Usually, sequential consistency doesn’t place any necessities on the right way to order the writes. In our instance, the write to X occurred in actual time earlier than the write to Y. Nonetheless, so long as each thread agrees to see the write to Y as taking place earlier than the write to X, sequential consistency permits the official historical past to be totally different that what occurred in line with actual time (the one restriction is that writes and reads originating from the identical thread of execution can’t be reordered). See Determine 3 for an instance of this.
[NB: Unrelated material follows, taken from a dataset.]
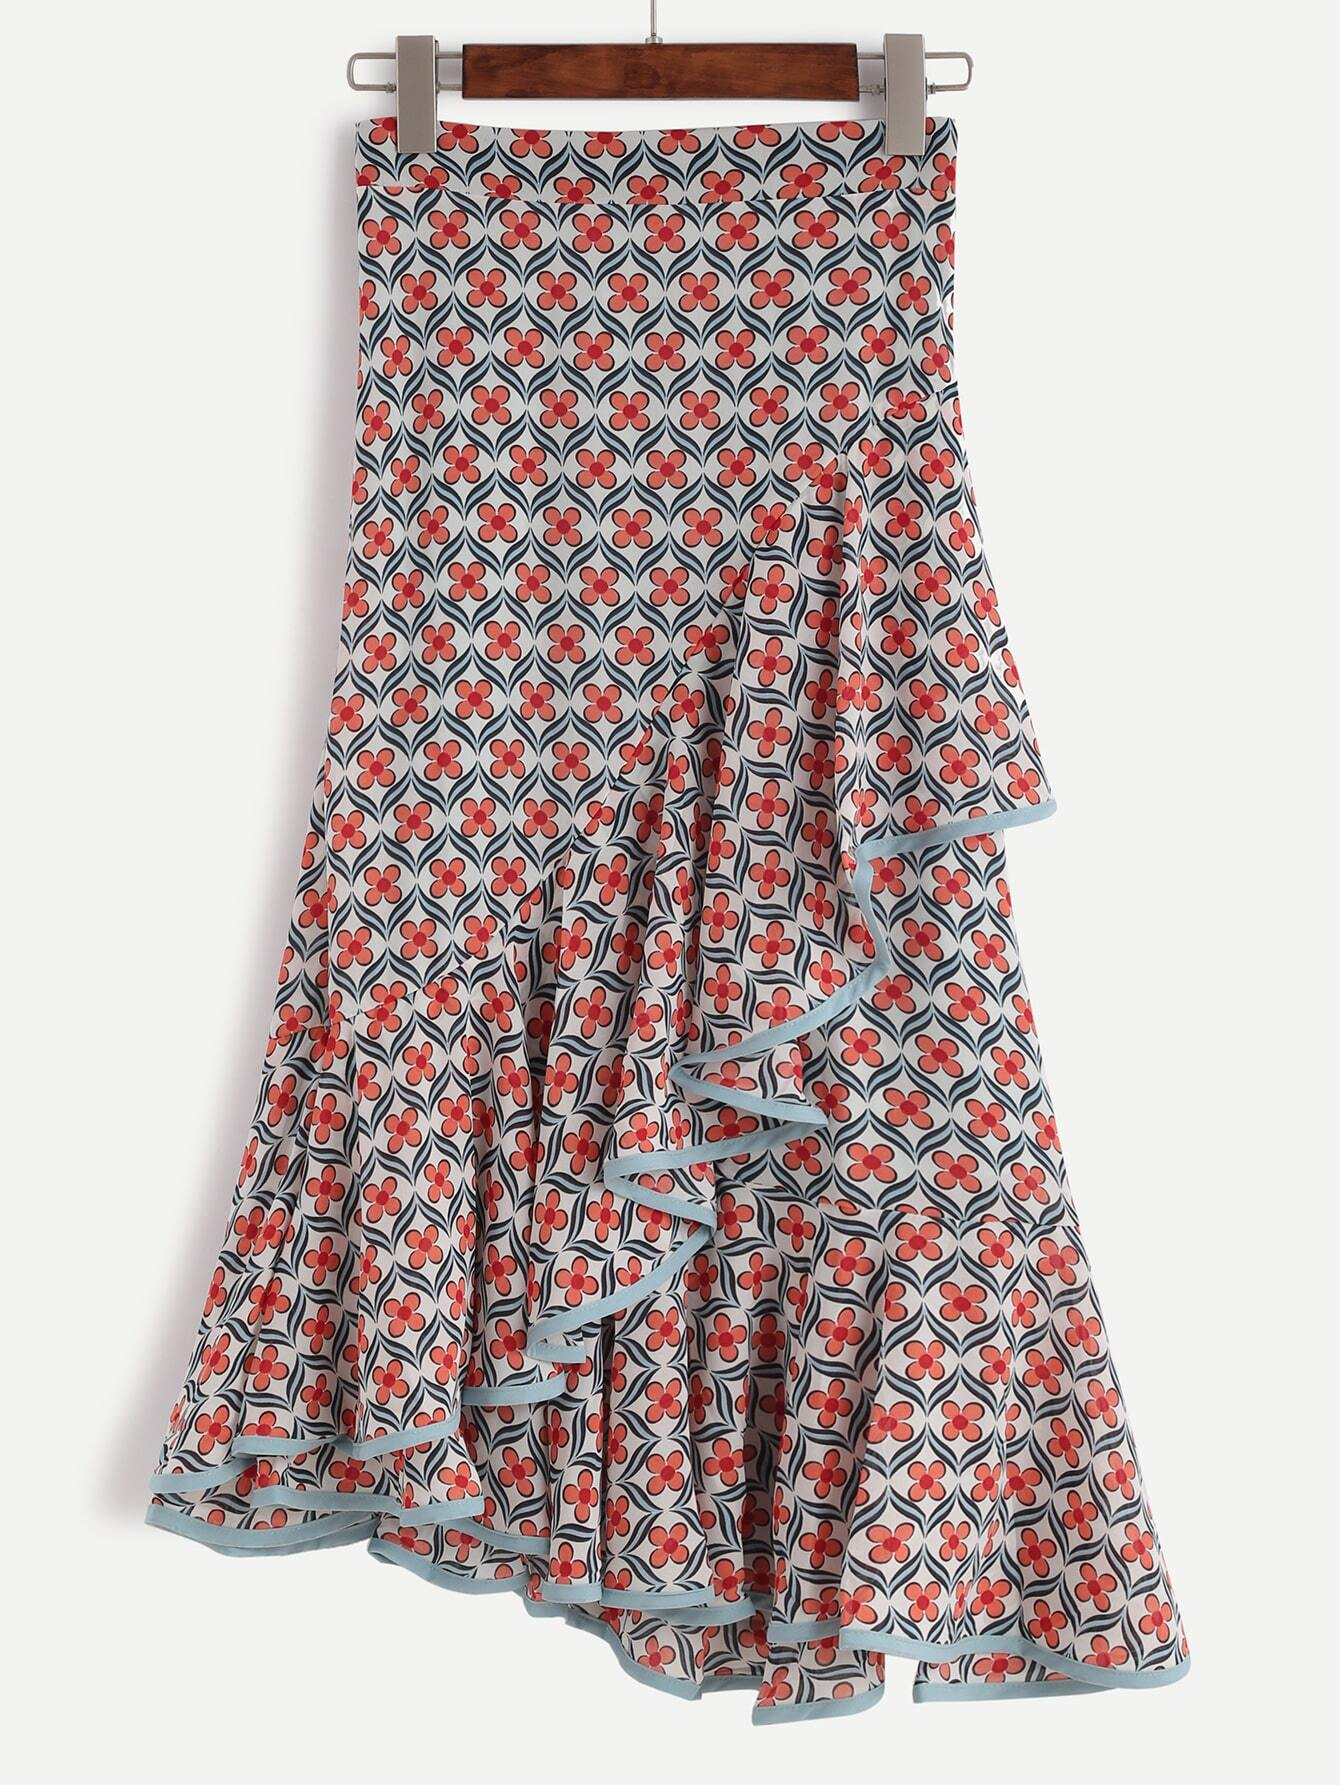 Multi Color Contrast Trim Florals Ruffle Chiffon Skirt skirt161011491

In distinction to sequential consistency, strict consistency does place actual time necessities on the right way to order the writes. It assumes that it’s at all times doable to know what time it presently is with zero error — i.e. that each thread of execution agree on the exact present time. The order of the writes within the sequential order should be equal to the actual time that these writes had been issued. Moreover, each learn operation should learn the worth of the latest write in actual time — regardless of which thread of execution initiated that write. In a distributed system (and even multi-processor single-server programs), it’s not possible in observe to have world settlement on exact present time, which renders strict consistency to be largely of theoretical curiosity.
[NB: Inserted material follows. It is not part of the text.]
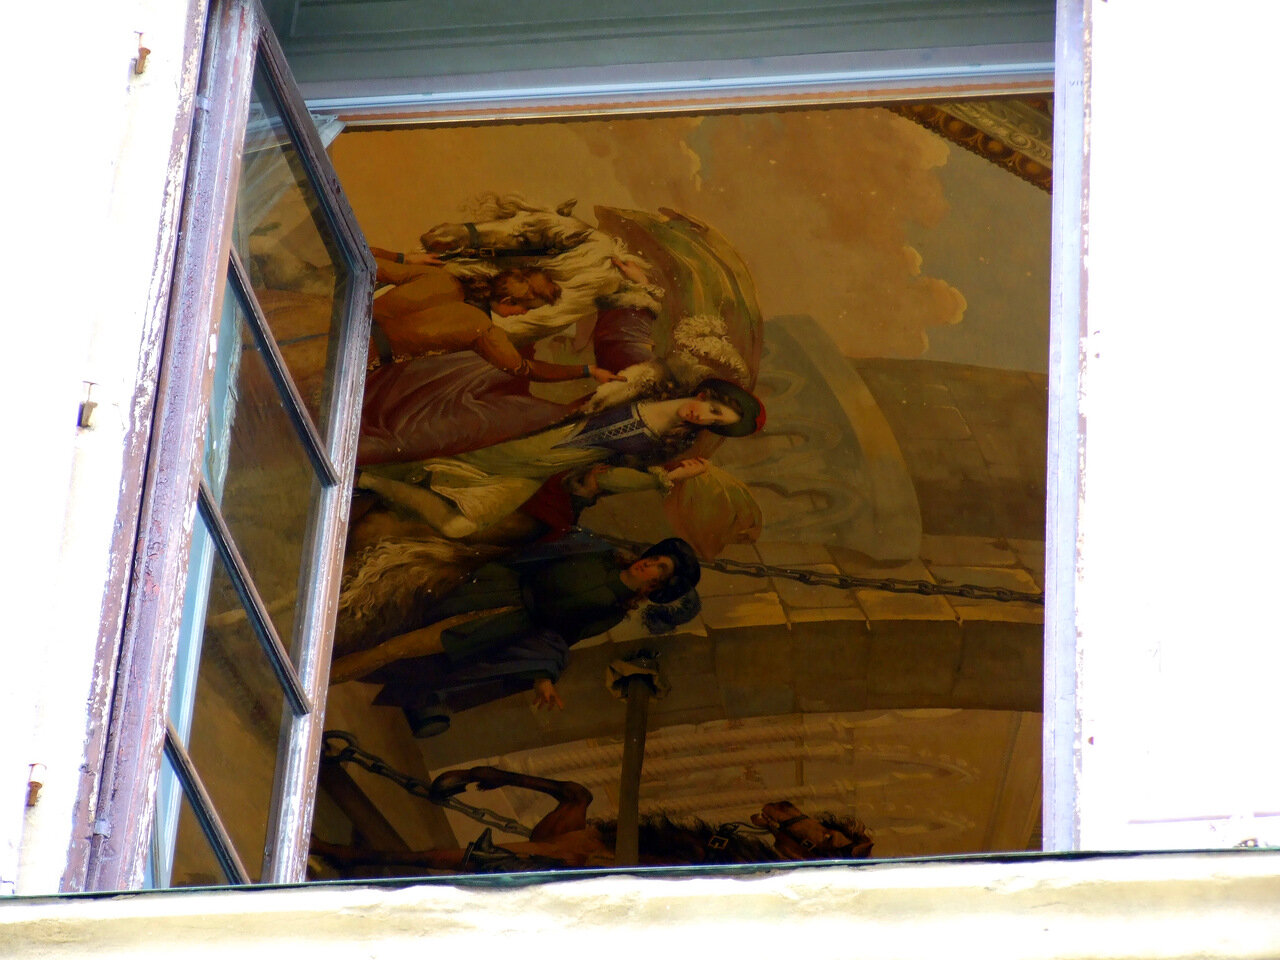 Случайно бросил взгляд в окно обычного дома, а там... фрески на потолке

None of Figures 1, 2, or 3 above fulfill strict consistency as a result of all of them comprise both a learn of x=0 or a learn of y=0 after the worth of x or y has been written to a brand new worth. Nevertheless, Determine 4 beneath satisfies strict consistency since all reads replicate the latest write in actual time:
In a distributed/replicated system, the place writes and reads can originate wherever, the very best degree of consistency obtained in observe is linearizability (often known as “atomic consistency” which is what it’s known as within the CAP theorem). Linearizability is similar to strict consistency: each are extensions of sequential consistency that impose actual time constraints on writes. The distinction is that the linearizability mannequin acknowledges that there’s a time frame that happens between when an operation is submitted to the system, and when the system responds with an acknowledgement that it was accomplished. In a distributed system, the sending of the write request to the right location(s) — which can embrace replication — can happen throughout this time interval. A linearizability assure doesn’t place any ordering constraints on operations that happen with overlapping begin and finish occasions. The one ordering constraint is for operations that don’t overlap in time — solely in these instances does the sooner write should be seen earlier than the later write.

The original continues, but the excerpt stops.